(Record excerpts Opens)

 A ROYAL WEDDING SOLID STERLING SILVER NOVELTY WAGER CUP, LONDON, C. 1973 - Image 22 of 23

(Record excerpts Closes)
(Record excerpts Opens)

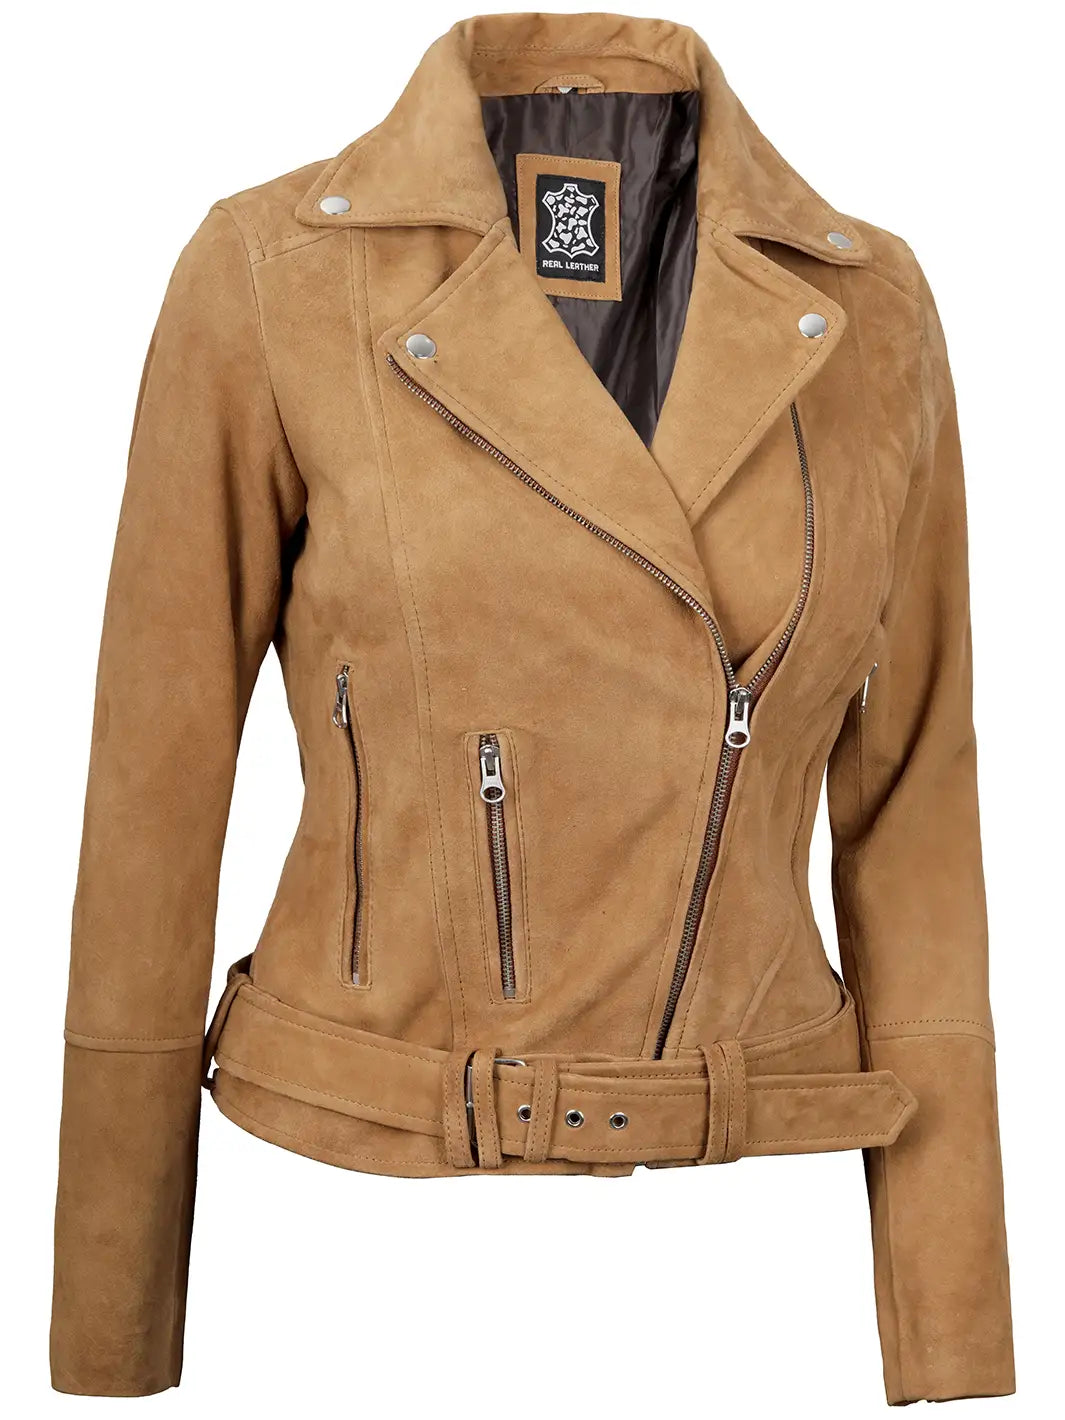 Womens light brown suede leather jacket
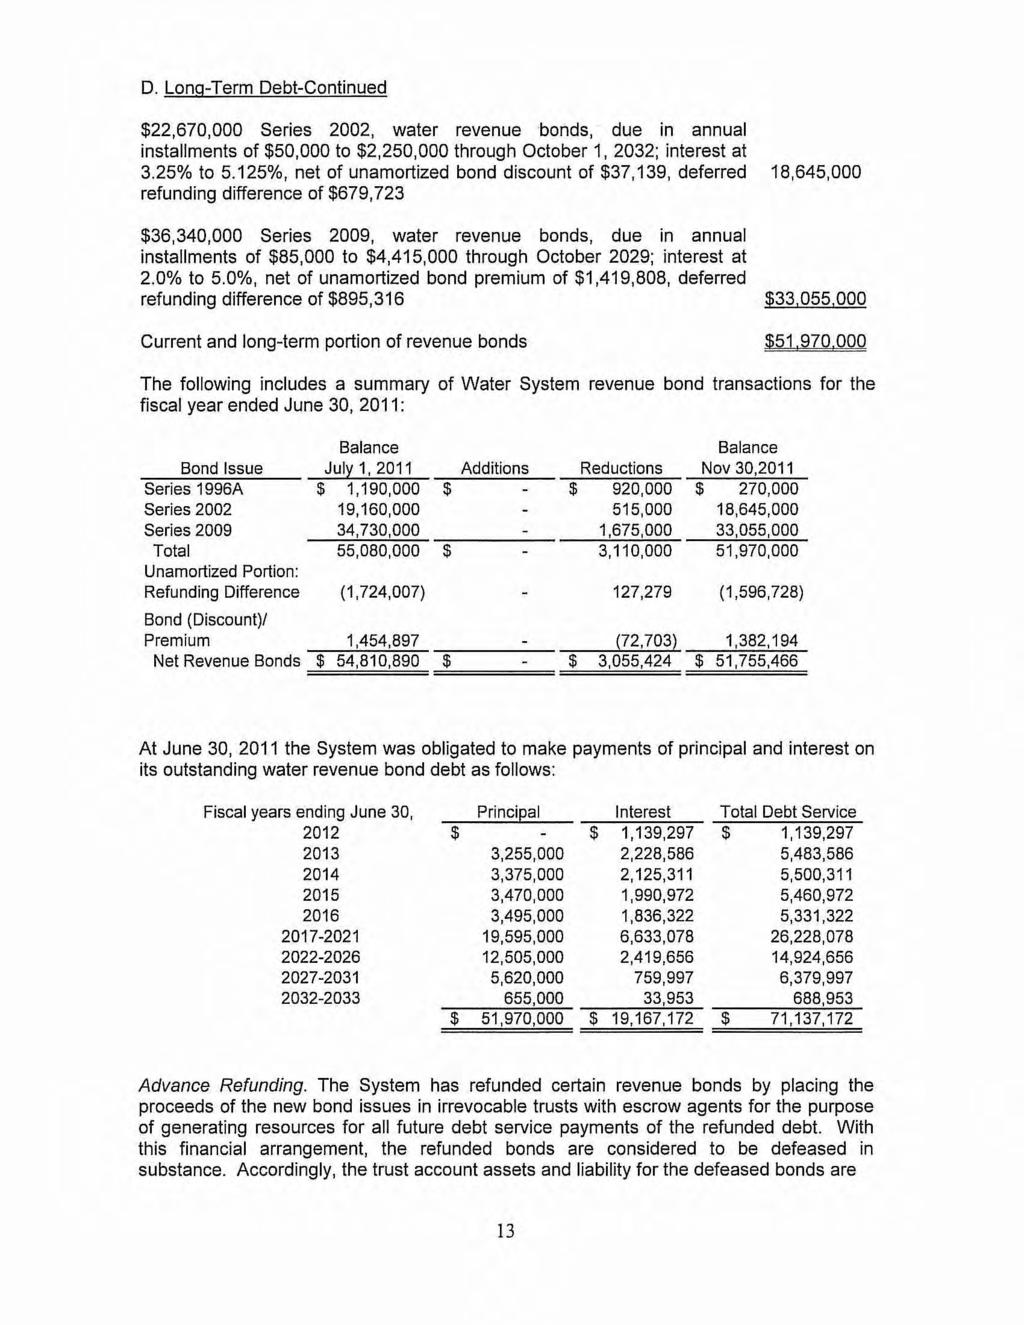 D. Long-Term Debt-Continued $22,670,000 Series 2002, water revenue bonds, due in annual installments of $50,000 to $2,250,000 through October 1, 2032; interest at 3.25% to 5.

(Record excerpts Closes)
(Record excerpts Opens)

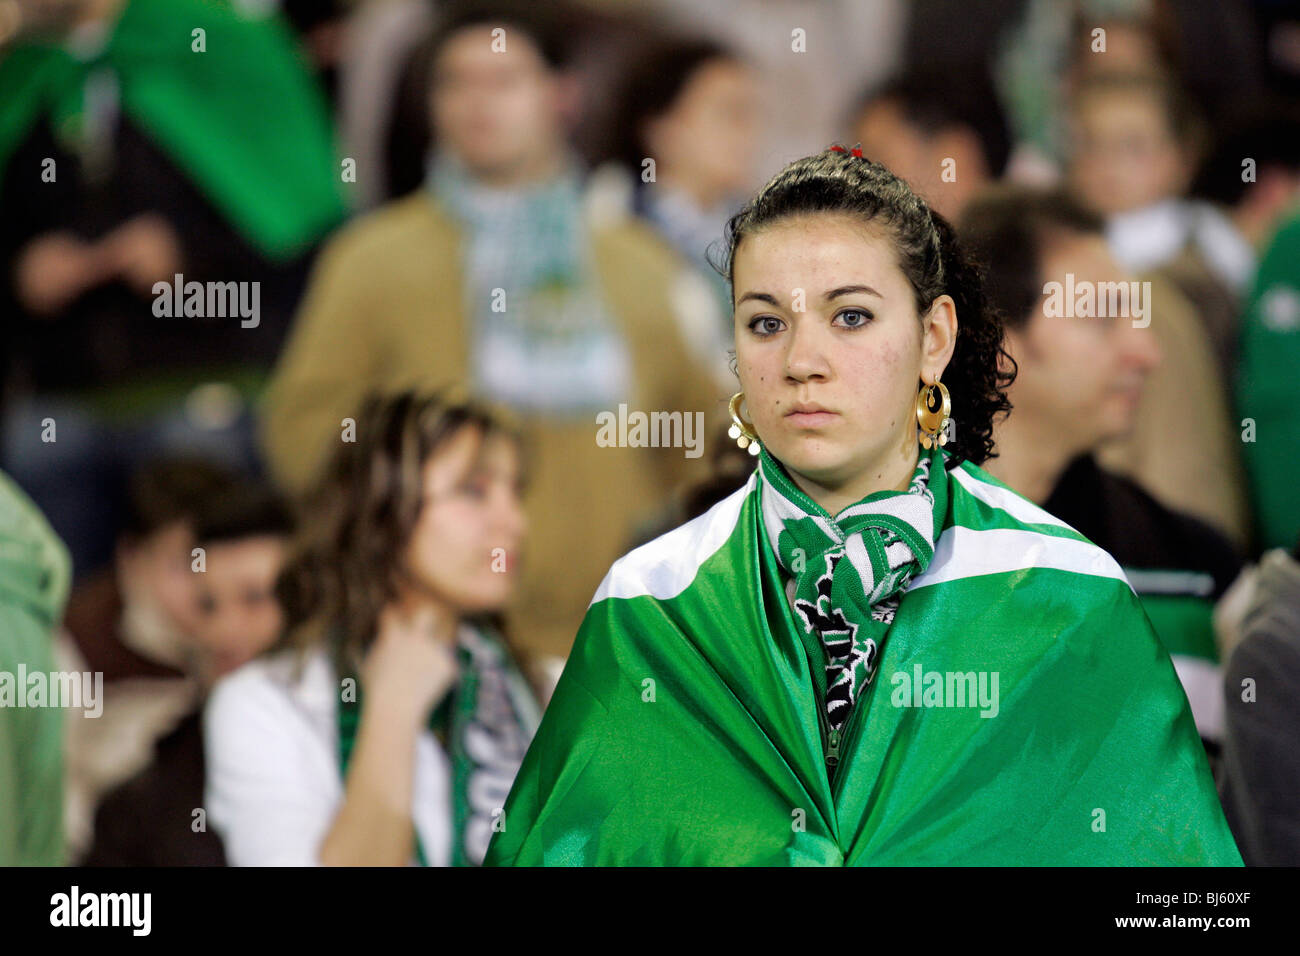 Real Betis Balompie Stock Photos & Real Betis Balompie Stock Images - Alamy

(Record excerpts Closes)

| Exercise requirements |
Look above for the line with "Womens light brown suede leather jacket" and copy exactly from it through the line with "D. Long-Term Debt-Continued", both included. Omit the pictures.

| Response to this exercise |
 Womens light brown suede leather jacket
 D. Long-Term Debt-Continued $22,670,000 Series 2002, water revenue bonds, due in annual installments of $50,000 to $2,250,000 through October 1, 2032; interest at 3.25% to 5.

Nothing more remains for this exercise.